The Astrolabium Galileo Galilei became the first chapter in the partnership between Rolf W. Schnyder and Ludwig Oechslin. This highly complex watch earned Ulysse Nardin a place in the Guinness Book of Records in February 1989. It was joined by the Planetarium Copernicus (1988) then the Tellurium Johannes Kepler (1992) to form the Trilogy of Time, a set of three completely original astronomical wristwatches.
Presentation of the San Marco, the first minute-repeater wristwatch with jaquemarts, proposed as limited editions in gold and platinum.
The company celebrated its 150th anniversary with two collector's watches: the Marine Chronometer 1846 and the Perpetual Ludwig, named after its creator, Dr Ludwig Oechslin.
After the patented GMT ± in 1994, Ulysse Nardin presented the GMT ± Perpetual with two exclusive complications. It won the following year's Innovation Prize.
Launch of the Freak with its revolutionary seven-day Carrousel-Tourbillon. With no true dial, crown or hands, the movement rotates on itself to show the time. The following year, it was named Watch of the Year in the Innovation category.
Innovation Prize for the Sonata multifunction mechanical musical timepiece, launched the previous year.
Launch of the Freak DIAMonSIL® with a new and patented Dual Ulysse escapement, made from a combination of diamond and silicon. Launch of InnoVision 1 – Ulysse Nardin's vision of the future with ten technical innovations in a single concept watch.
Death of Rolf W. Schnyder, owner and president of Ulysse Nardin, whose foresight and leadership left a lasting imprint on the company. He was succeeded by the current CEO, Patrik P. Hoffmann.
Launch of the UN-118 with DIAMonSIL® anchor escapement for the new Marine Chronometer Manufacture. Ulysse Nardin takes over Swiss enameller Donzé Cadrans SA.
Launch of five calibres featuring silicon technology: UN-690 for the Stranger musical watch; UN-310 for Jade, a hand-engraved skeleton movement and the first calibre designed for women with a new crown concept; UN-170 for the Skeleton Tourbillon; UN-150 for the Marine Chronograph; UN-205 for the Freak Cruiser with a seven-day flying carousel.

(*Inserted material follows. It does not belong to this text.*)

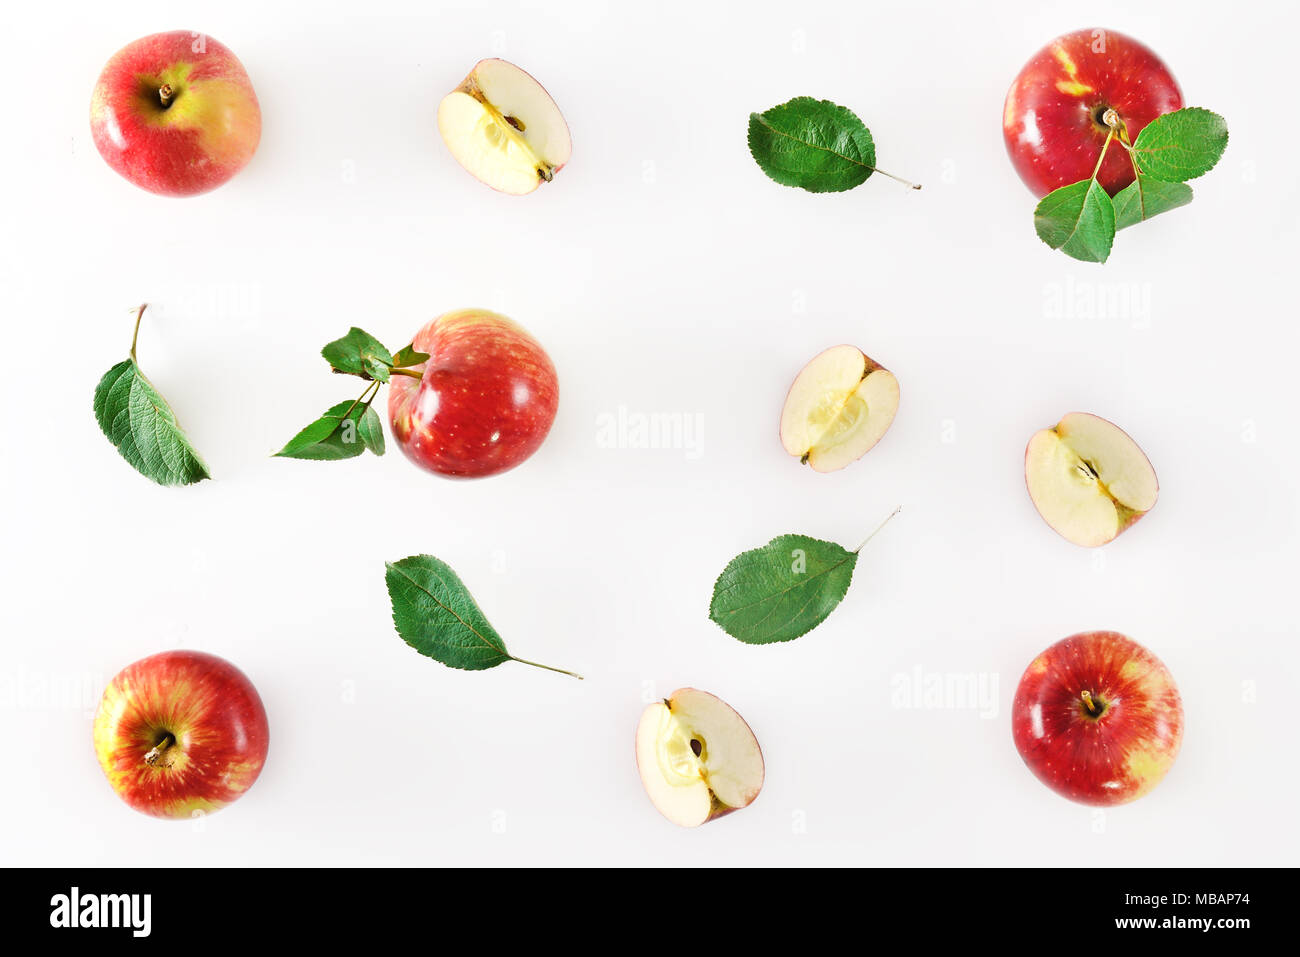 Red apple fruits on white background. Pattern with apples flat lay. Top view. Stock Photo

Ulysse Nardin joins Kering's Luxury Watches & Jewellery division. Launch of the UN-334 calibre for the Dual Time Manufacture, with rapid time-zone and date setting.
GPHG Tourbillon Watch Prize for the Ulysse Anchor Tourbillon whose movement incorporates the constant-force Ulysse Anchor escapement. The result of eight years' research and development, and made entirely in silicon, this escapement presents a hitherto unprecedented architecture based on the principle of flexible mechanisms that harness the elasticity of flat springs. This innovative construction is housed in a 60-second tourbillon.
170th anniversary of the founding of Ulysse Nardin; 15th anniversary of the iconic Freak watch; 20th anniversary of the Marine Chronometer watch. An annual calendar joins the Marine Chronograph collection, driven by the new UN-153 calibre with backward and forward setting. Launch of the Marine Tourbillon Grand Deck whose patented time display looks to the golden age of yachting, and comprises a boom pulled by nanowires above a majestic tourbillon.
Ulysse Nardin gives a five-year warranty on all its mechanical watches. Launch of InnoVision 2. In 2007, Ulysse Nardin was in the spotlight for the InnoVision 1 concept watch. Ten years later, InnoVision 2 continues in the same vein as a platform for ten groundbreaking innovations.